**Source data:**
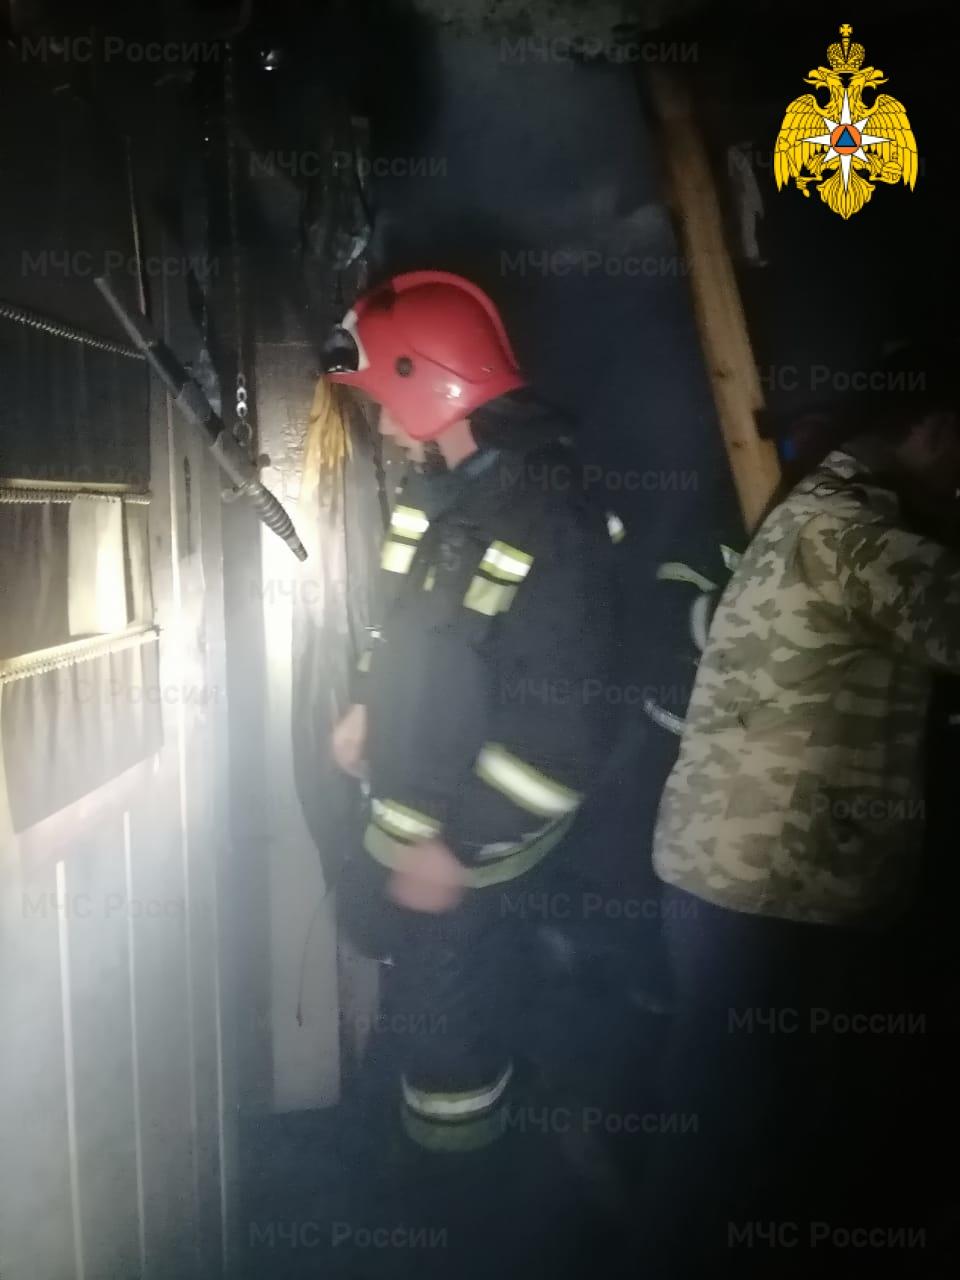 Пожар в Тарусском районе, с. Петрищево, ул. Центральная
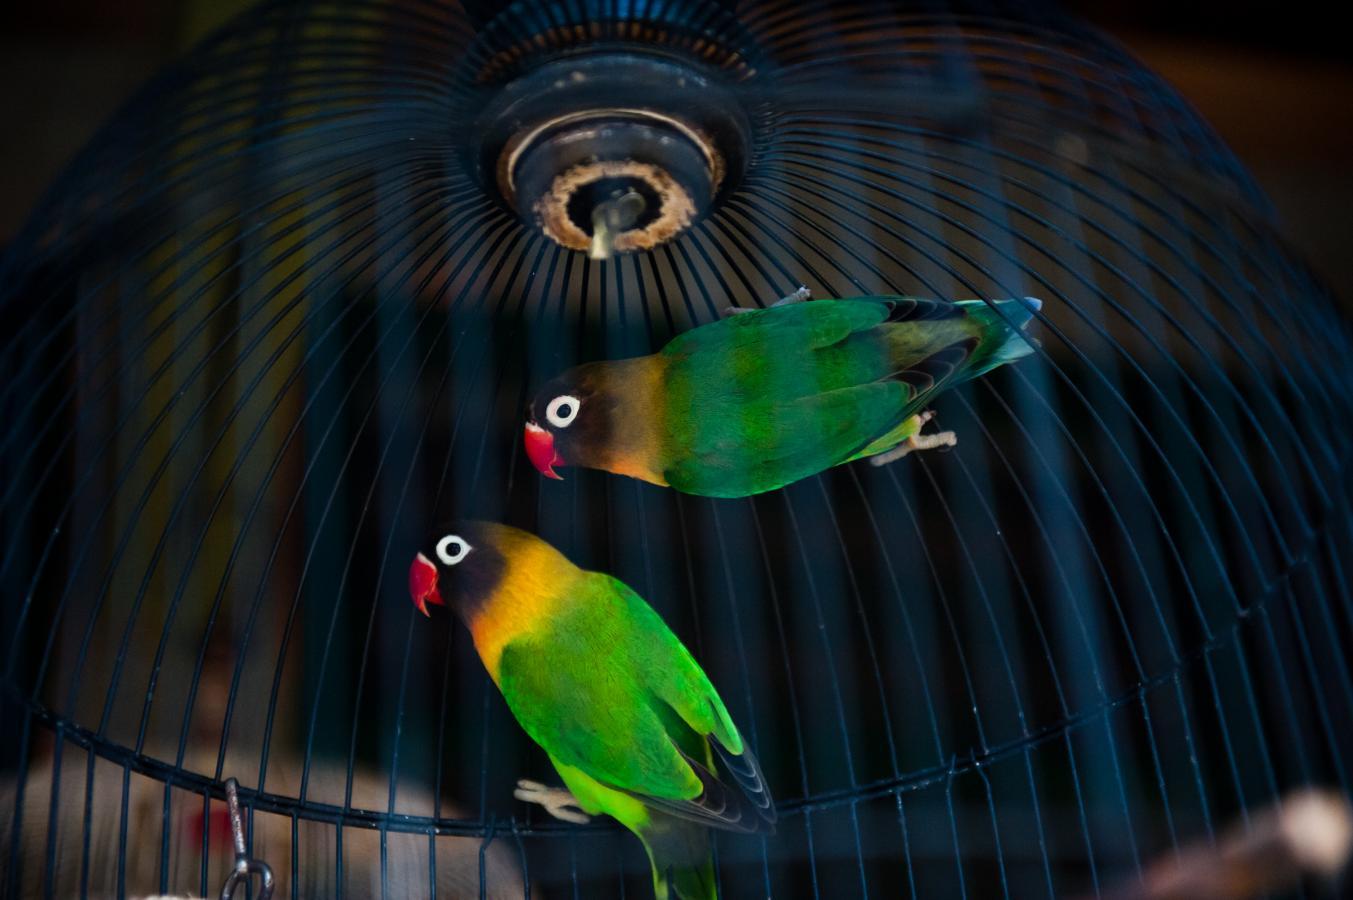 bird-market-in-yogyakarta-java-2010
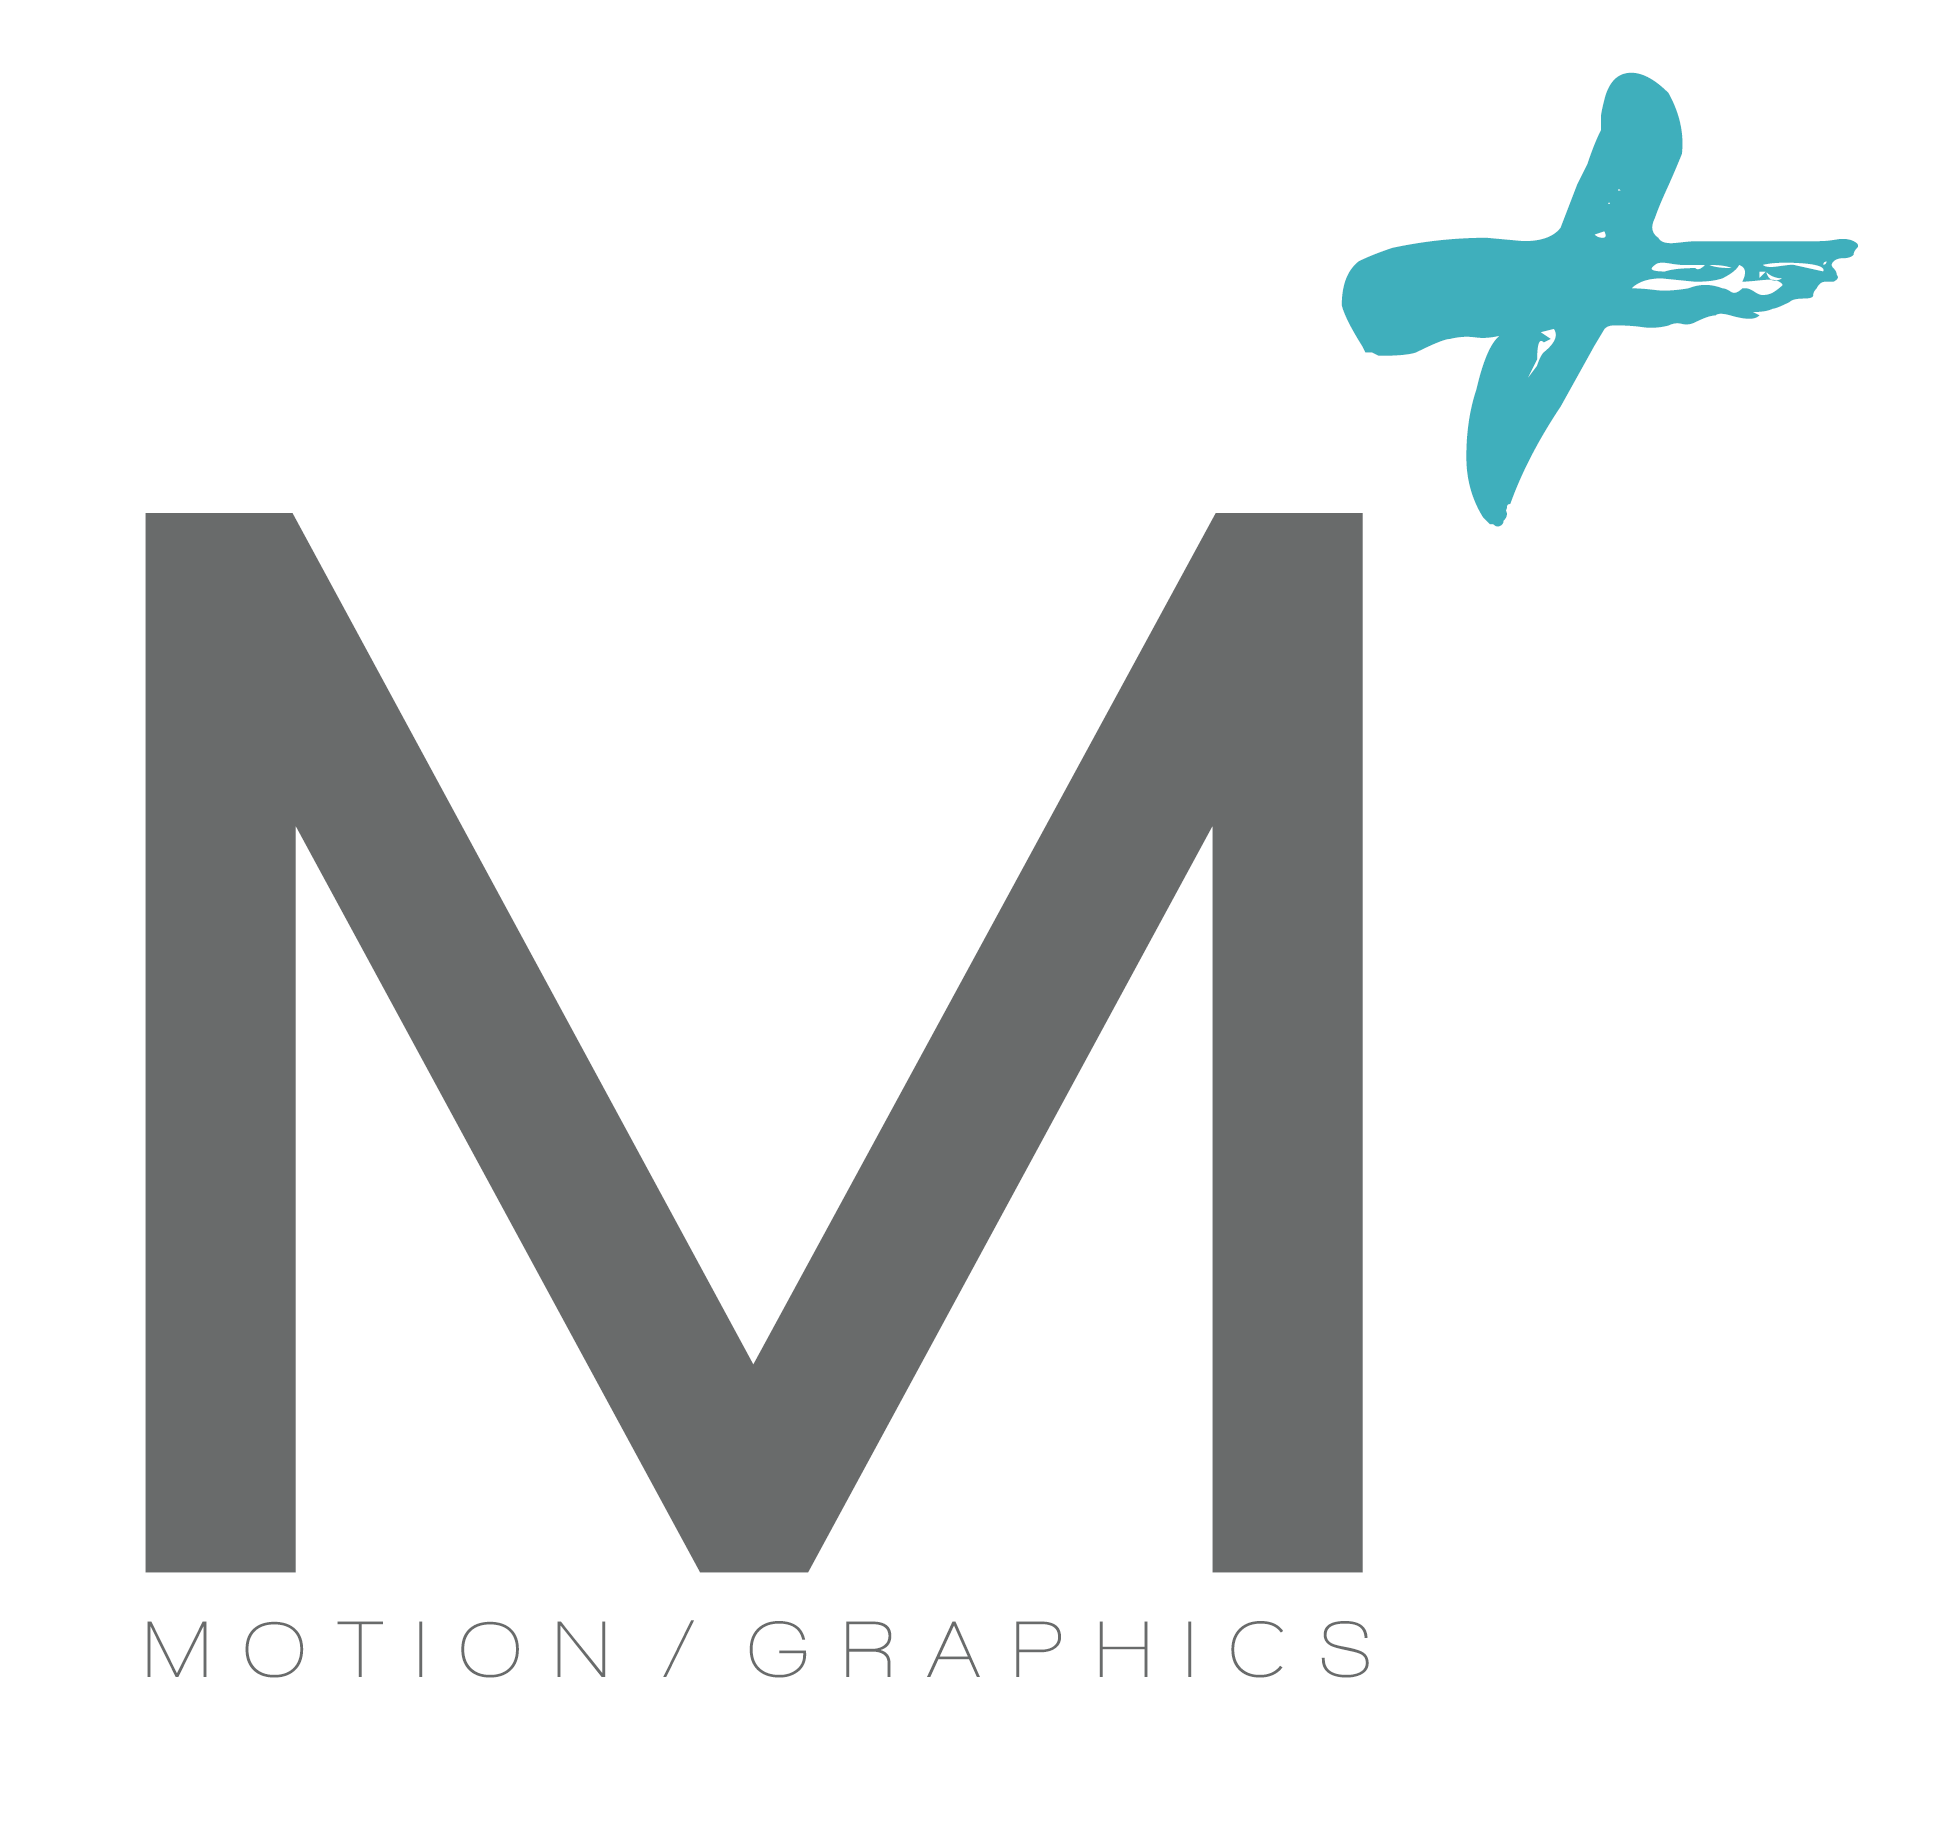 Maxlomax Motion Graphics
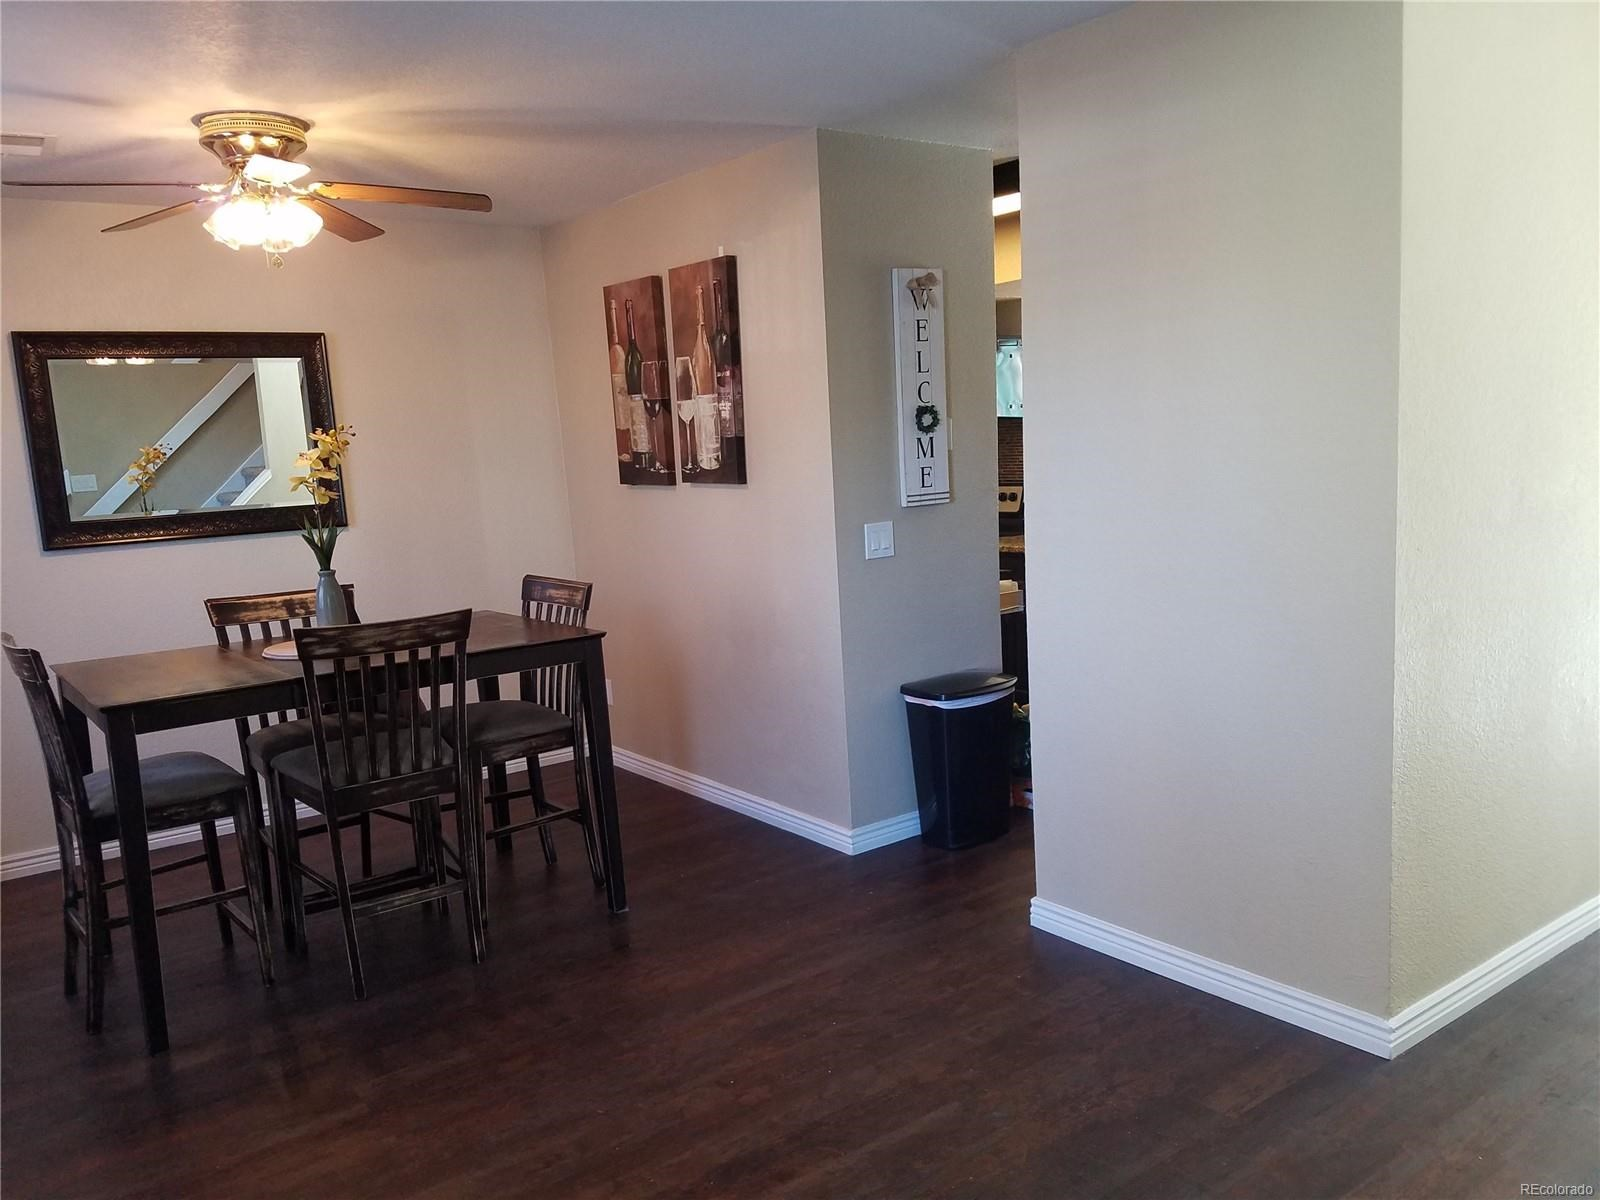 MLS# 6878459 - 4 - 12162 E Kepner Place, Aurora, CO 80012

**Work item:** All of the data above should be transcribed verbatim, with pictures omitted.

**Task solution:**
 Пожар в Тарусском районе, с. Петрищево, ул. Центральная
 bird-market-in-yogyakarta-java-2010
 Maxlomax Motion Graphics
 MLS# 6878459 - 4 - 12162 E Kepner Place, Aurora, CO 80012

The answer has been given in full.